I would like to thank my research advisor, Professor Krishna Saraswat, for all his support and guidance over the last several years. His door was always open, and I have received a tremendous amount of advice from him. I am especially grateful for his encouragement when I changed research directions half way through my time at Stanford. This thesis would not have been possible without his vast knowledge, patient mentoring, and gentle encouragement.

I have been very fortunate to interact with several faculty members. Professor Yoshio Nishi, Professor James Harris, and Professor Philip Wong not only served on my committee but gave me very helpful suggestions during my research. In addition to serving as my committee chair, Professor Paul McIntyre's expertise in TiO2 was a tremendous resource and I am very fortunate to have received his help.

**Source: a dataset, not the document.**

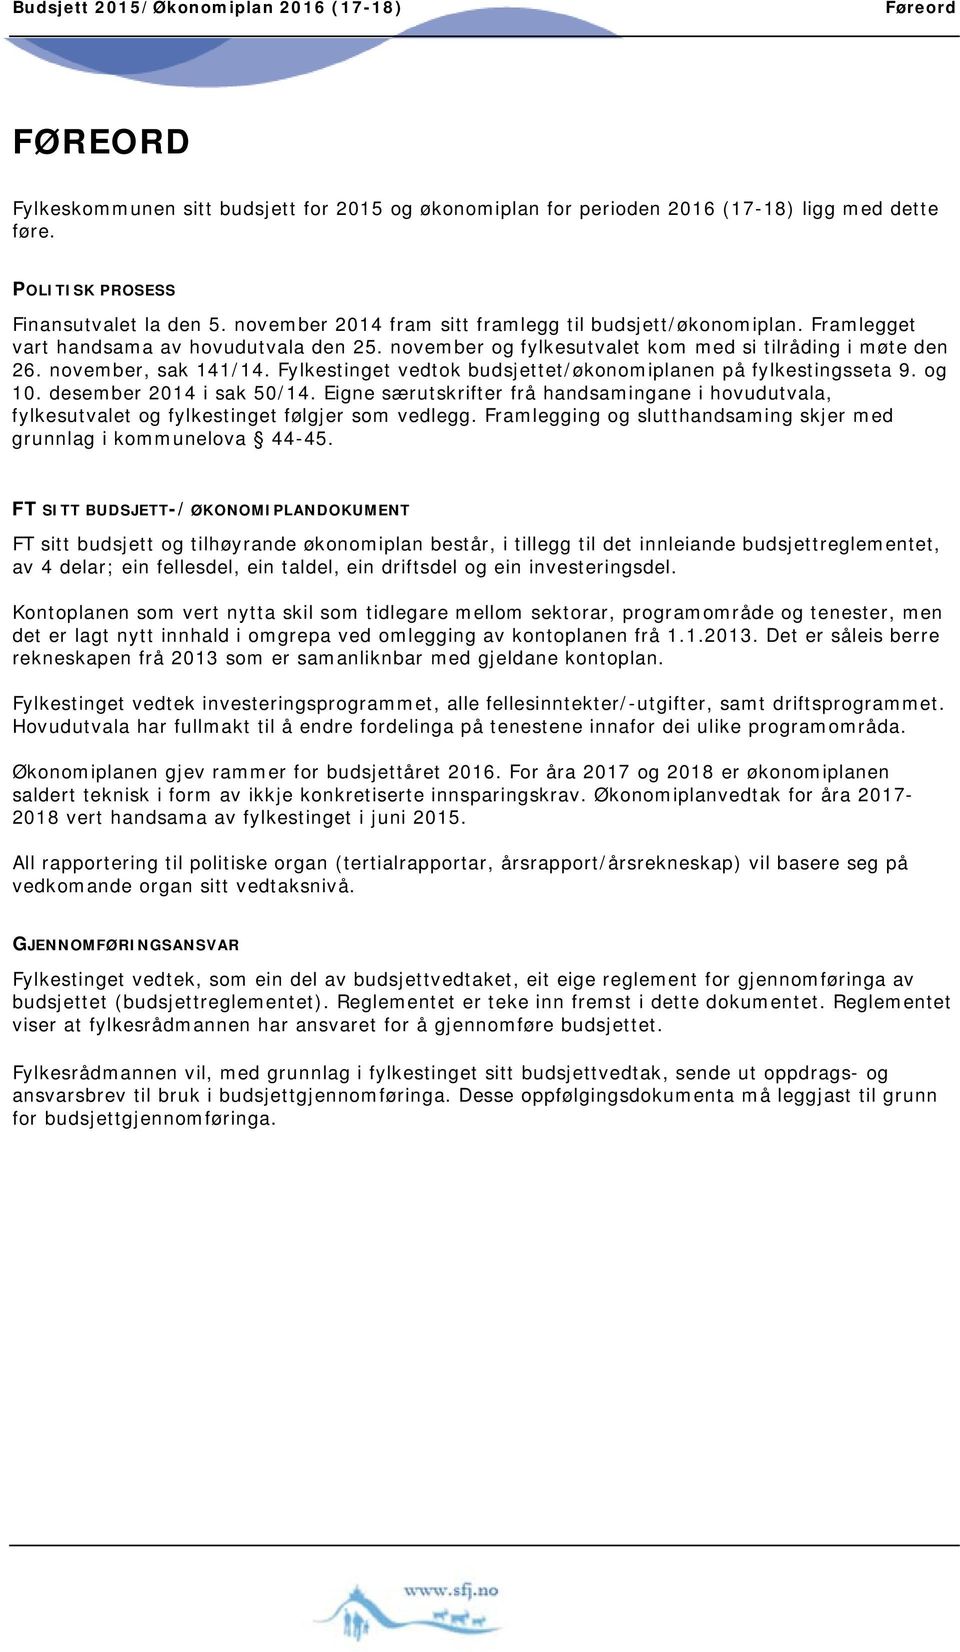 Fylkestinget vedtok budsjettet/økonomiplanen på fylkestingsseta 9. og 10. desember 2014 i sak 50/14.

This work was very much a collaborative effort. I wish to thank Dr. Arunanshu Roy, not only for his simulation expertise, but also for being a fantastic colleague. I will always cherish our debates regarding our simulated and experimental results. Also, Dr. Bin Yang's wealth of industrial experience was eye-opening, and I am still amazed at how he was able to point me to very useful papers after every discussion. I am also very fortunate to have collaborated with Suyog Gupta, whose energy and passion is as impressive as his technical expertise.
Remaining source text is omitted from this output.